Luxottica Group to Voluntarily Delist from New York Stock Exchange

MILAN, Italy—The board of directors of Luxottica Group S.p.A. (MTA: LUX; NYSE: LUX) decided today to start the procedure to voluntarily delist its American Depositary Shares (ADSs), which are evidenced by American Depositary Receipts (ADRs), from the New York Stock Exchange.

Luxottica announced it intends to convert its current Level III ADR program into a Level I ADR program, which would give existing ADR holders the option to continue to hold ADRs. Level I ADRs are traded in the U.S. over-the-counter market.

In connection with the delisting, Luxottica intends to apply to the U.S. Securities and Exchange Commission for the deregistration of its shares registered with the SEC and the termination of all its reporting obligations under the U.S. Securities Exchange Act of 1934.

“The decision does not affect in any way our strategic vision for the United States, which represents our core market. We also remain fully committed to our U.S. shareholders, as the Company’s ordinary shares will continue to be traded on the Borsa Italiana, providing liquidity for all our investors, without affecting the Group’s access to capital,” stated Leonardo Del Vecchio, executive chairman of the group.

The Group’s decision to delist from the NYSE is based on the following factors:
• (i) The trading of the Group’s shares has shifted significantly to the Italian market. For the 12 months ended May1, 2017, trading in the U.S. represented only 3.7 percent of Luxottica’s worldwide average daily trading volume.
• Maintaining a listing and registration in the U.S. entails significant administrative costs.
• The delisting will also be efficient in light of the combination with Essilor (Euronext Paris: EI).

“Delisting from the NYSE is part of our efforts to simplify the organization in the group over the past two years, particularly given the comparatively low level of trading activity that has developed in the United States. It will assure savings in costs that will benefit all shareholders and it will also be efficient in light of the combination with Essilor,” commented Del Vecchio.

He added, “Luxottica was the first Italian company to be listed on the NYSE in 1990 before being listed in Italy. We will always be proud of a courageous choice that has brought to our group great visibility and prestige at an international level.”

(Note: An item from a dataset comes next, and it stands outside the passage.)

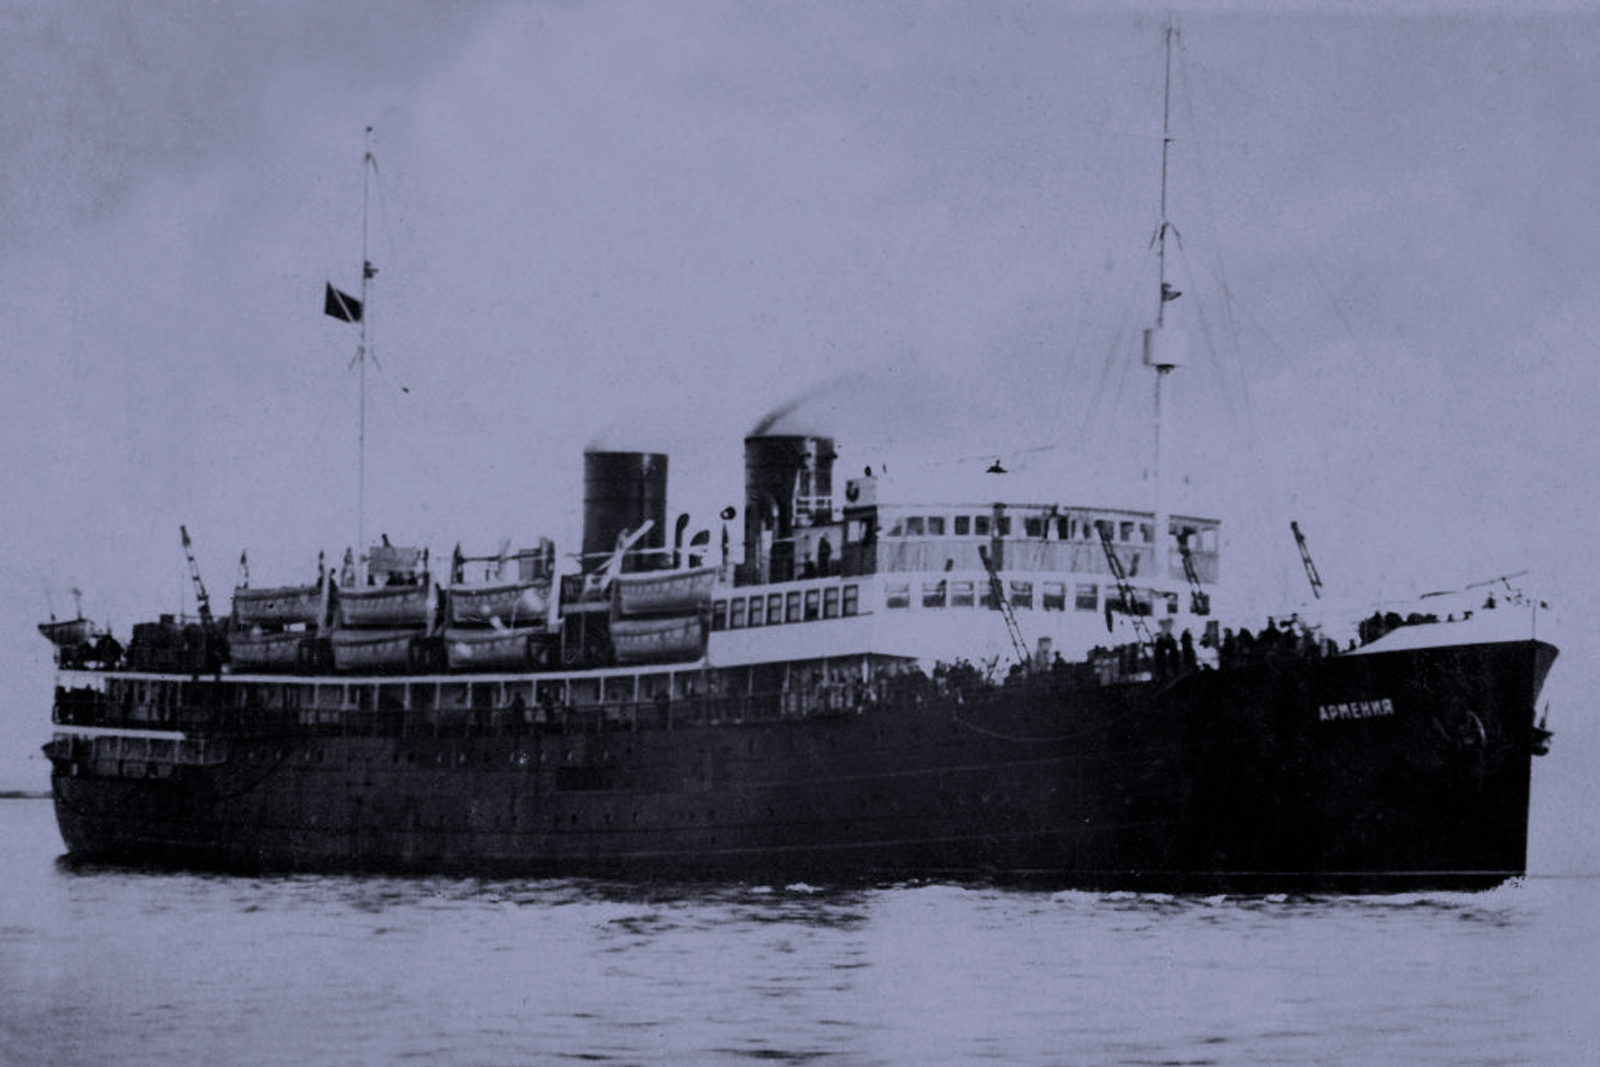 "<p>Фото © <a href=""https://en.wikipedia.org/wiki/Soviet_hospital_ship_Armenia"" target=""_blank"" rel=""noopener noreferrer"">Wikipedia</a></p>"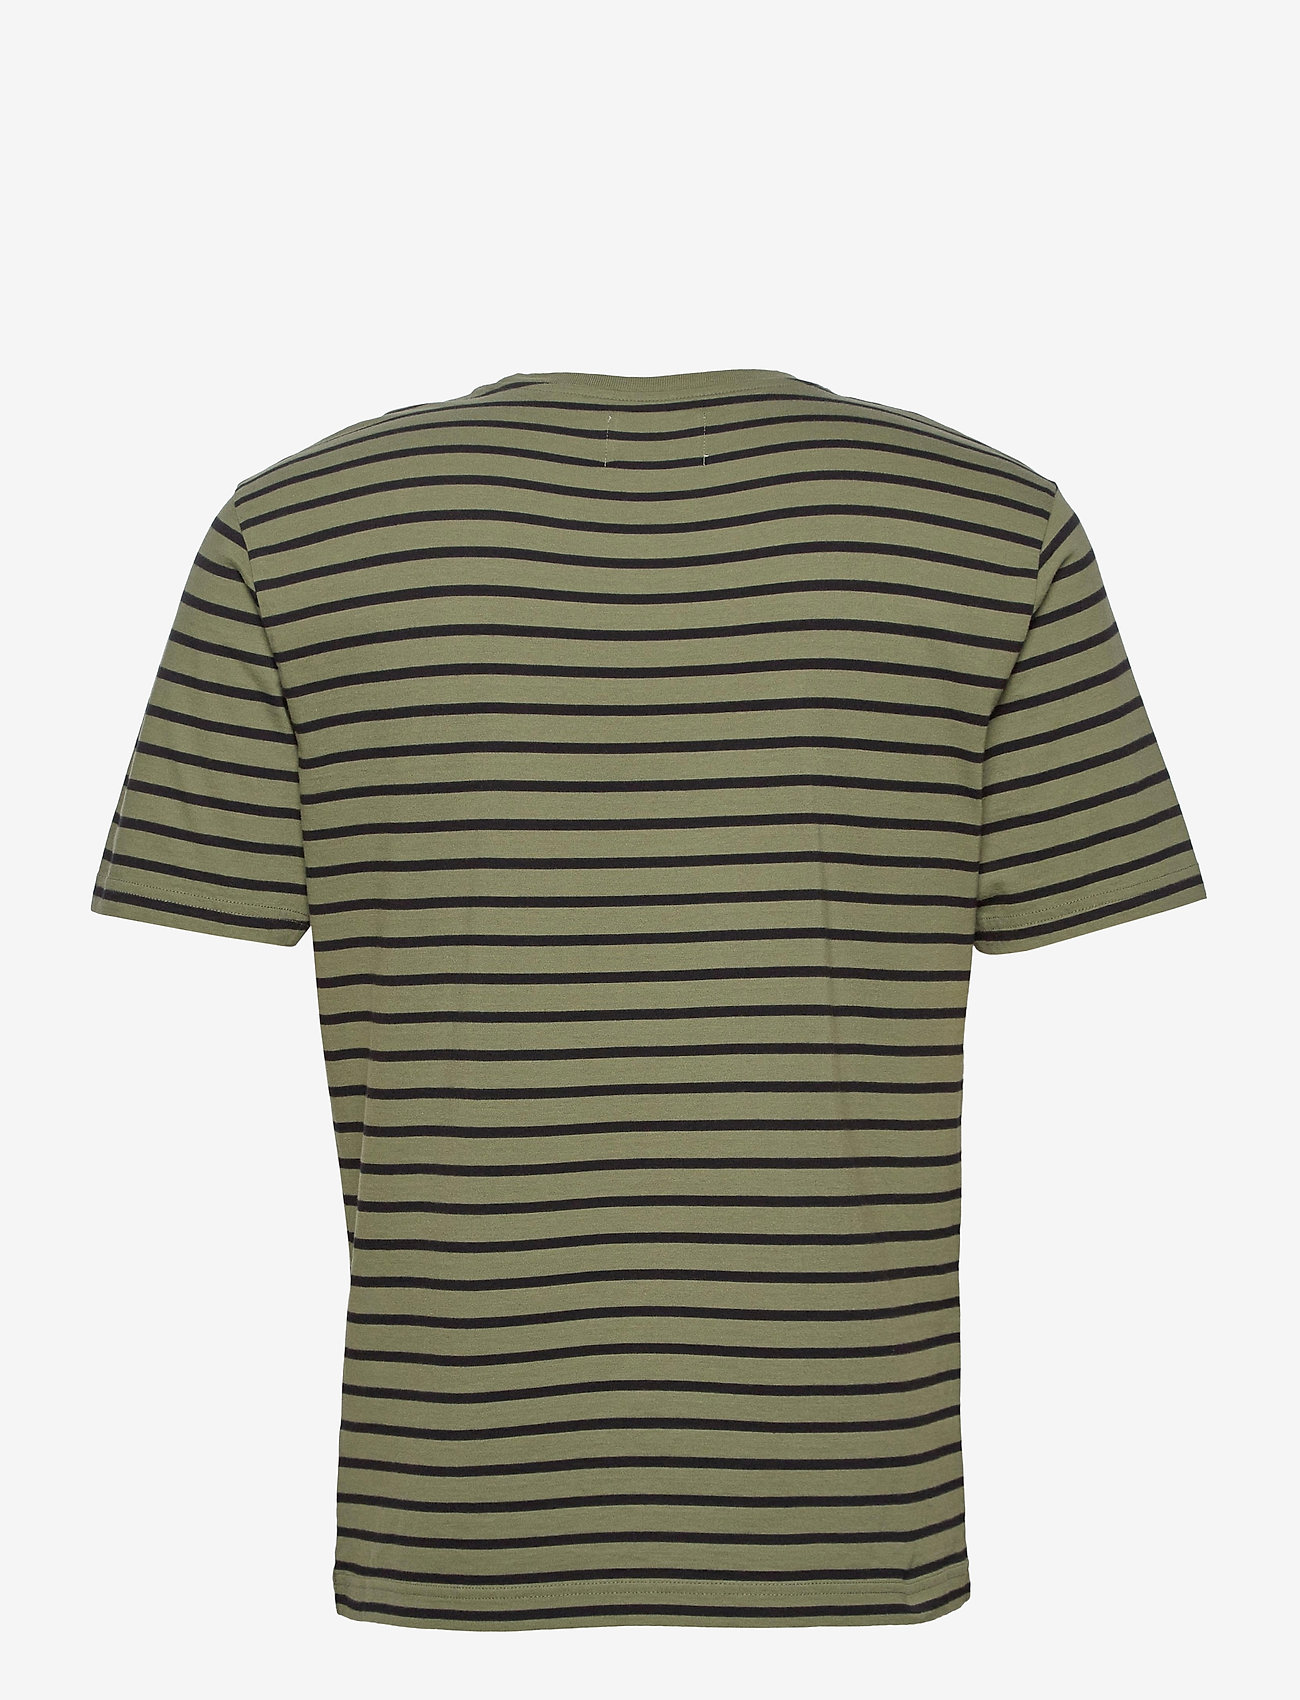 Wood Wood Ace T-shirt - T-skjorter ARMY/BLACK STRIPES - Menn Klær

Luxottica reiterated its commitment to maintaining its high standards of corporate governance and transparency with respect to financial reporting, as well as its internal control system. Luxottica will remain subject to the market rules of the Borsa Italiana and all laws and regulations applicable to listed companies in Italy.

Luxottica expects to file a Form 25 with the SEC on or about June 6, 2017 to initiate the delisting. The delisting of the ADSs should become effective 10 days after such filing. However, the anticipated effective date of the delisting may be delayed if the SEC postpones the effectiveness of the application to delist or for other reasons.

The company also said the effective date of the delisting may be delayed if the SEC postpones the effectiveness of the application to delist or for other reasons. Following the effectiveness of the delisting from the NYSE, Luxottica intends to file with the SEC a Form15F to deregister its shares with the SEC and terminate all its reporting obligations under the Exchange Act.

Luxottica expects that its obligation to file reports with the SEC will be suspended immediately upon the filing of the Form 15F. Luxottica reserves the right to delay the filing of the Form2 5 or Form15F or withdraw either Form for any reason prior to its effectiveness.

Following the deregistration, Luxottica said it understands that Essilor does not intend to file a registration statement on Form F-4 with the SEC in connection with the exchange offer that Essilor expects to conduct for Luxottica’s remaining outstanding shares as part of the pending combination. Accordingly, the exchange offer will only be conducted in the U.S. pursuant to an exemption from the registration requirements of the U.S. Securities Act of 1933.

As part of any “squeeze-out” or “sell-out” which may be conducted by Essilor under Italian law following the exchange offer, it is expected that those U.S. shareholders who were not eligible to participate in the exchange offer under the applicable exemption would be eligible to receive cash in an amount calculated in accordance with Italian law.

In connection with the transition to a Level I ADR program, Luxottica expects to amend the deposit agreement with Deutsche Bank Trust Company Americas pursuant to which the ADRs were issued. The amendment is expected to become effective on or about the date on which the Form15F is filed.

Luxottica has not arranged for the listing or registration of its ADSs or ordinary shares on another U.S. national securities exchange or for the quotation of its ADSs or ordinary shares in a quotation medium in the U.S.

The statement continued in connection with the pending combination with Essilor and as a consequence of the modified substantive and economic framework, the Luxottica board also approved today certain amendments to the Group’s Stock Option Plan and Performance Share Plan.

With respect to the Stock Option Plan,the term during which stock options may be exercised has been accelerated taking into account the exchange offer. With respect to the Performance Share Plan, in accordance with the regulations approved by the Group’s shareholders meeting, the amendment includes changes to the performance condition and an acceleration in the granting of awards prior to the end of the reference period 2015 – 2017.

Certain amendments to the Plans are conditional on the launch by Essilor of the exchange offer.